Synthesizing Environment-Specific People in Photographs
Mirela Ostrek, Carol O'Sullivan, Michael J. Black, Justus Thies
TL;DR
The paper tackles generating full-body humans that wear scene-appropriate clothing without altering the background in photographs. It introduces ESP, a multi-stage pipeline that conditions HPM-based clothing generation on scene context via a VAE-derived contextual embedding, and on a 2D pose, with an HPM translation module based on Stable Diffusion and ControlNet to guide high-quality inpainting. Key contributions include (i) contextual style vectors for stochastic, context-aware HPM generation with StyleGAN2, (ii) an end-to-end pose-conditioned I2I extension, and (iii) a diffusion-based HPM translator enabling high-resolution inpainting and super-resolution using a pre-trained latent diffusion model.

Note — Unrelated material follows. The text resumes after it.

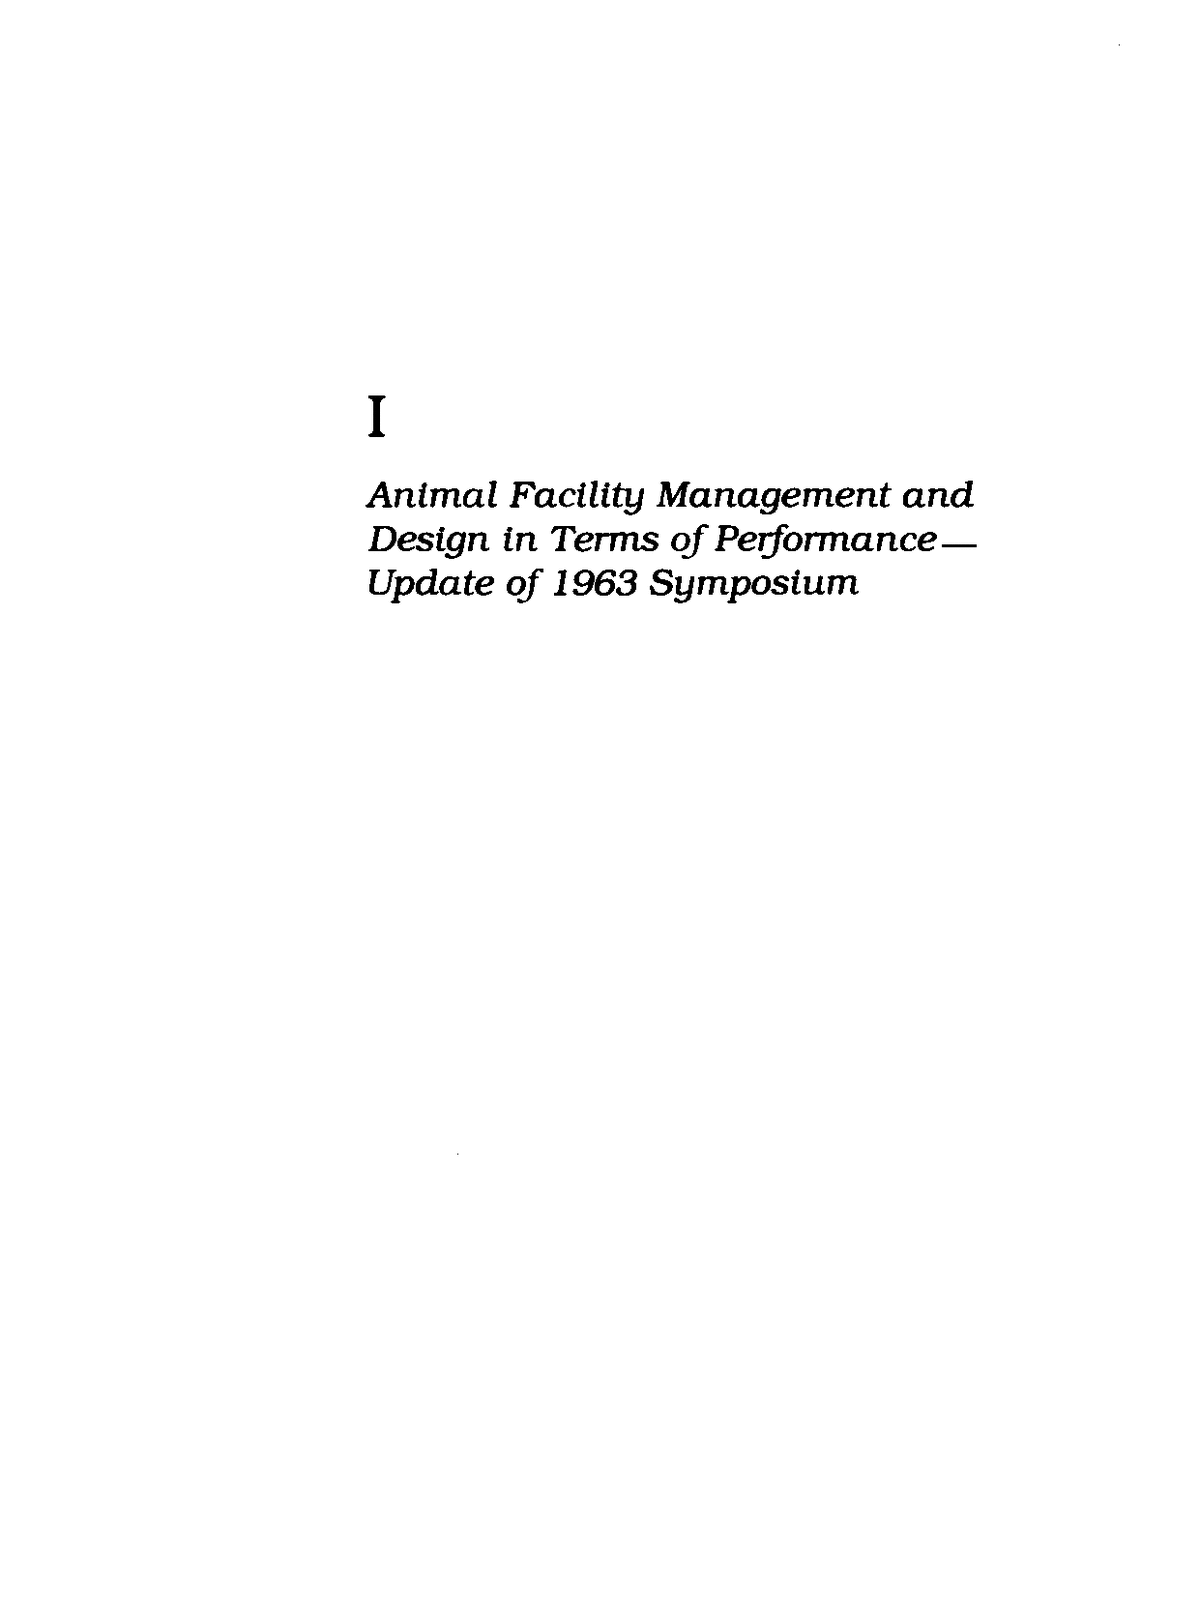 ANIMAL FACILITY MANAGEMENT AND DESIGN IN TERMS OF PERFORMANCE--UPDATE OF  1963 SYMPOSIUM | Laboratory Animal Housing |The National Academies Press

Empirically, ESP outperforms state-of-the-art methods on contextual full-body generation, producing environment-consistent clothing while preserving scene integrity, with robust ablations and perceptual evaluations supporting its effectiveness.
Abstract
We present ESP, a novel method for context-aware full-body generation, that enables photo-realistic synthesis and inpainting of people wearing clothing that is semantically appropriate for the scene depicted in an input photograph. ESP is conditioned on a 2D pose and contextual cues that are extracted from the photograph of the scene and integrated into the generation process, where the clothing is modeled explicitly with human parsing masks (HPM). Generated HPMs are used as tight guiding masks for inpainting, such that no changes are made to the original background. Our models are trained on a dataset containing a set of in-the-wild photographs of people covering a wide range of different environments. The method is analyzed quantitatively and qualitatively, and we show that ESP outperforms the state-of-the-art on the task of contextual full-body generation.